I try to access HDFS in Hadoop Sandbox with the help of Java API from a Spring Boot application. To specify the URI to access the filesystem by I use a configuration parameter spring.hadoop.fsUri
. HDFS itself is protected by Apache Knox (which to me should act just as a proxy that handles authentication). So if I call the proxy URI with curl, I use the exact same semantics as I would use without Apache Knox. Example:
curl -k -u guest:guest-password https://sandbox.hortonworks.com:8443/gateway/knox_sample/webhdfs/v1?op=GETFILESTATUS
Problem is that I can't access this gateway using the Hadoop client library.

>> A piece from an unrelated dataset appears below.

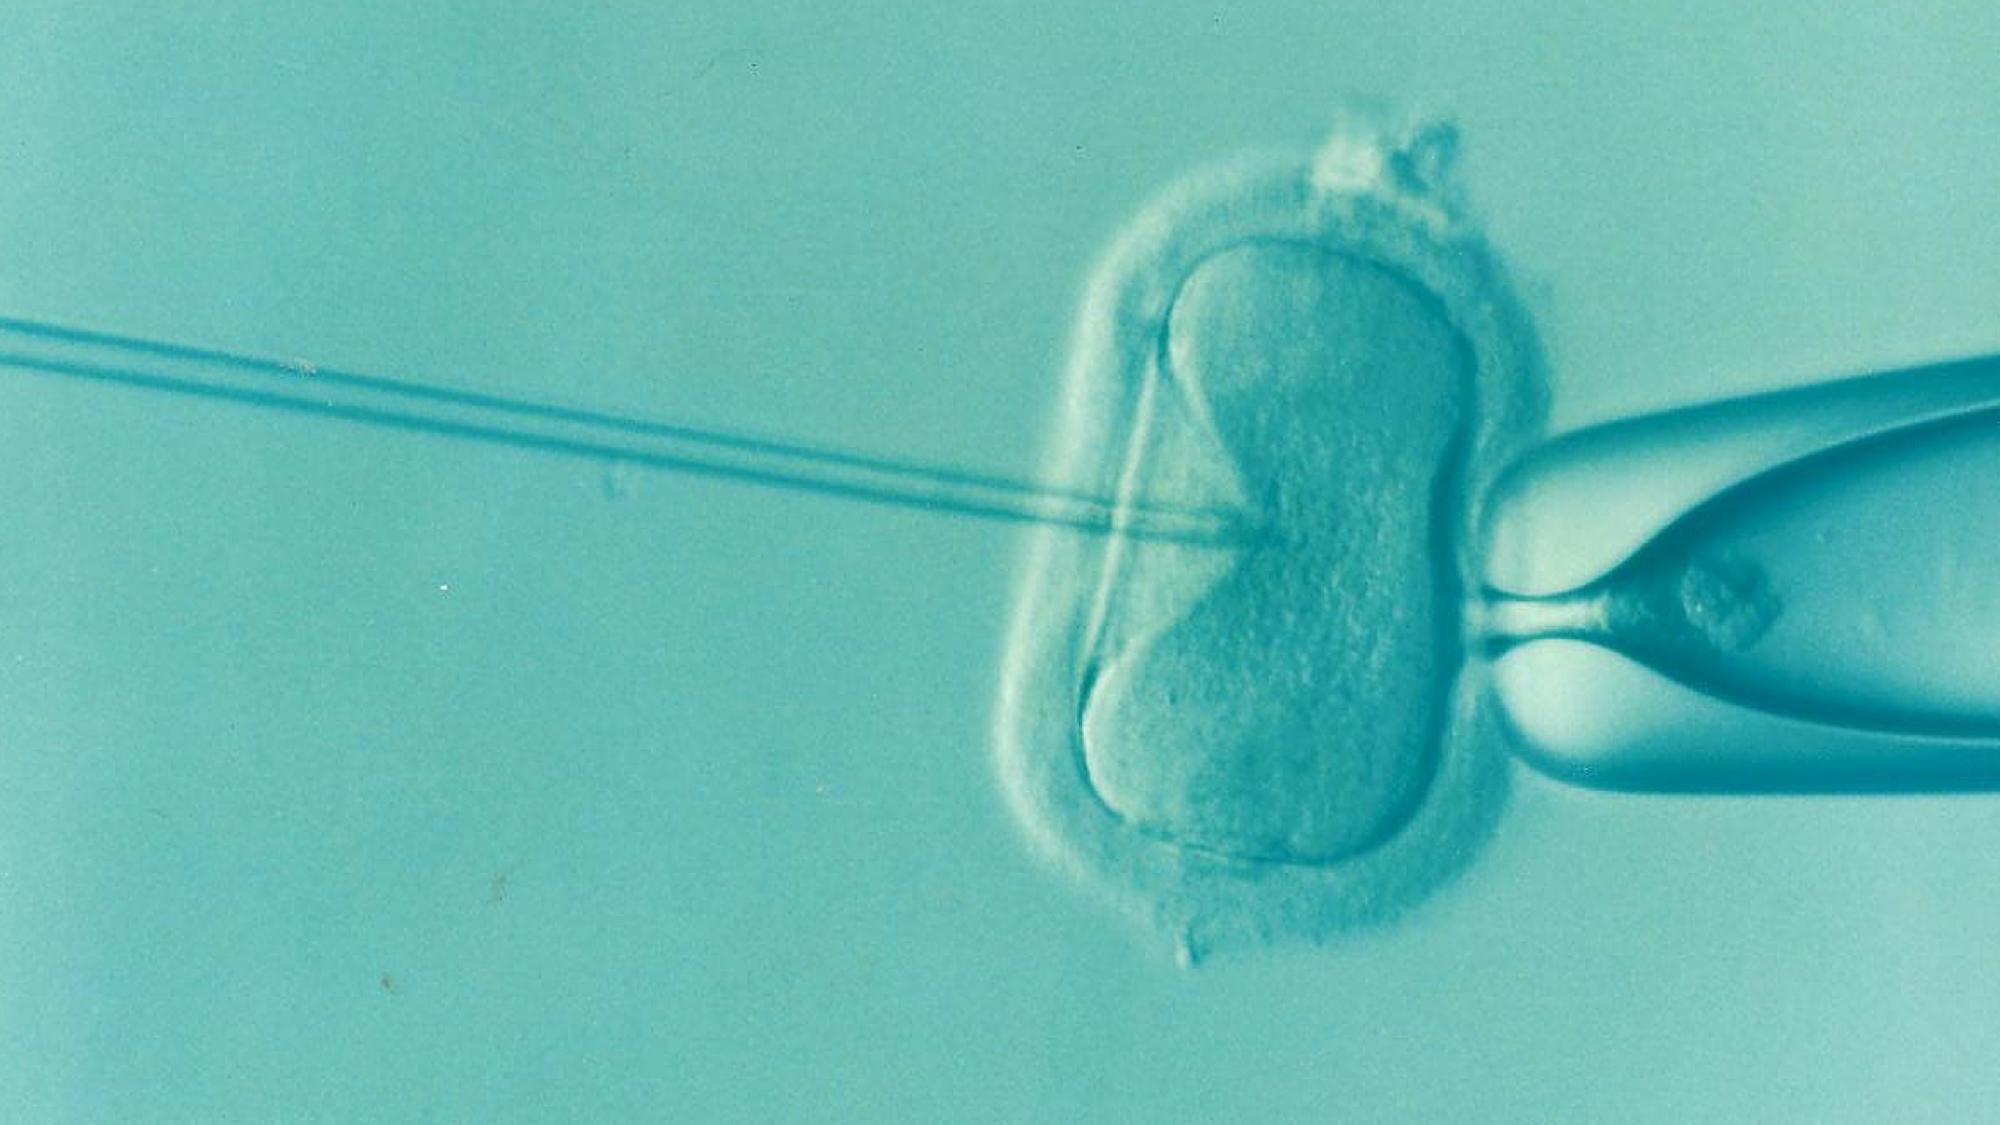 In vitro fertilization (Picture by DrKontogianniIVF from Pixabay).

Root URL in the configuration parameter is:
spring.hadoop.fsUri=swebhdfs://sandbox.hortonworks.com:8443/gateway/knox_sample/webhdfs/v1
All the requests get Error 404 and the problem why is visible from the logs:
2015-11-19 16:42:15.058 TRACE 26476 --- [nio-8090-exec-9] o.a.hadoop.hdfs.web.WebHdfsFileSystem : url=https://sandbox.hortonworks.com:8443/webhdfs/v1/?op=GETFILESTATUS&user.name=tarmo
It destroys my originally provided fsURI. If I debugged what happens in the internals of Hadoop API, I see that it takes only the domain part sandbox.hortonworks.com:8443
and appends /webhdfs/v1/
to it from a constant. So whatever my original URI is, at the end it will be https://my-provided-hostname/webhdfs/v1
. I understand that it might have something to do with the swebhdfs://
beginning but I can't use https://
directly because in that case an exception will be thrown how there is no such filesystem as https.
Googling this, I found an old mailing list thread where someone had the same problem, but no one ever answered the poster.
Does anyone know what can be done to solve this problem?